Caroline Byrne died in 1995 at notorious Sydney suicide spot The Gap. Some believed Gordon, who worked for stockbroker Rene Rivkin, had killed her because she knew too much about his business dealings.
Gordon was found guilty of her murder in 2008, but this year, the Court of Criminal Appeal overturned the verdict, questioning the evidence and arguments from his original trial.
Gordon declined to give evidence in court and has never spoken publicly about Caroline's death or their relationship.
Breaking his silence to The Weekly, Gordon was reduced to tears twice during the interview.
Once, when he spoke about the days before Caroline died; the second when he spoke about the future he hoped they would share.
"When I met Caroline, it was clear to me why I was on this planet [and that] was to be a husband and a father," he says.
"I don't care if I clean toilets; I knew that was it. I knew we were going to get married and have children, and whatever else I did, I was going to do that brilliantly."
Gordon says rumours of a gay affair with his boss, Rene Rivkin, were "nonsense", and that Rene was not a criminal.
"To call him a fraudster is unfair, he wasn't. He might have sailed close to the wind in terms of taxes and what have you [but] in my knowledge and experience, he was a lovely guy."
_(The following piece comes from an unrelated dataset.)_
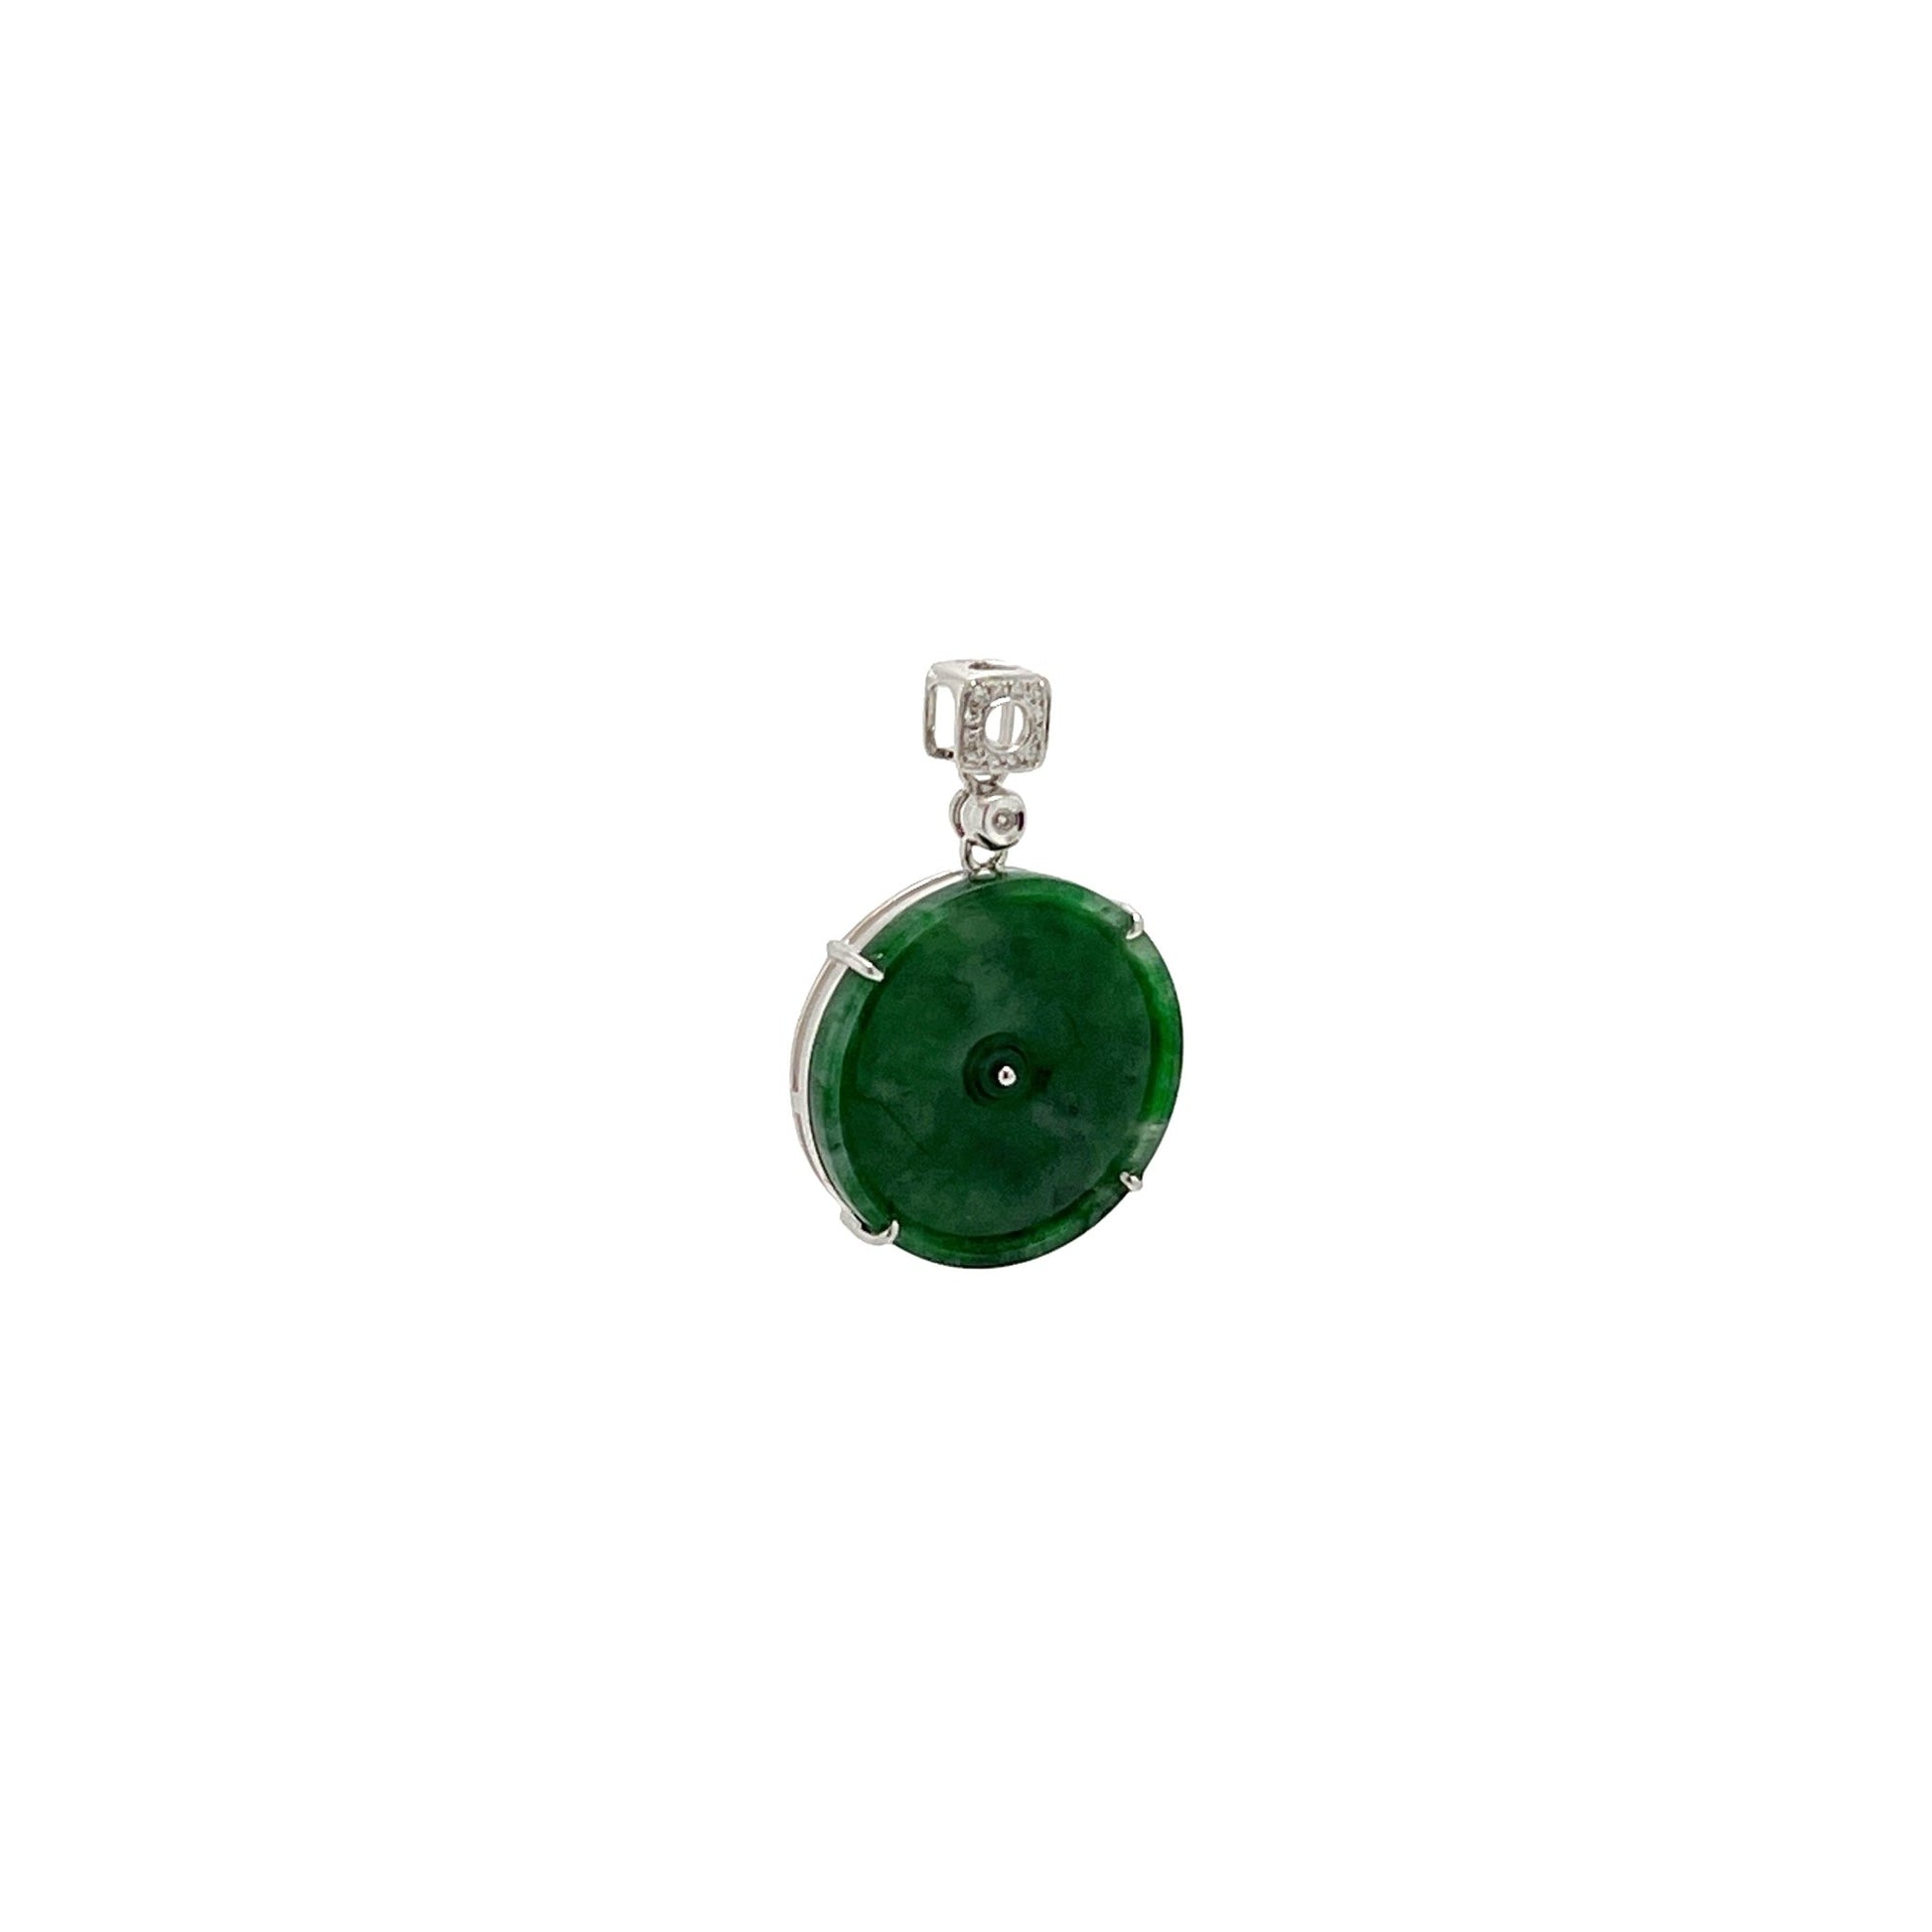 吊墜 - 老坑花青鮮綠色圓形懷古天然翡翠配鑽石18K白金吊墜 - 雅玉珠寶

When asked how the Wood family felt about Caroline's father Tony's belief that Gordon was guilty, his sister Jackie said: "We understand how difficult it would be to accept one suicide in the family [Caroline's mother committed suicide]. We understand how impossible it would be to accept a second one. And I guess now he's got a difficult task ahead of him of actually dealing with the fact that his daughter committed suicide."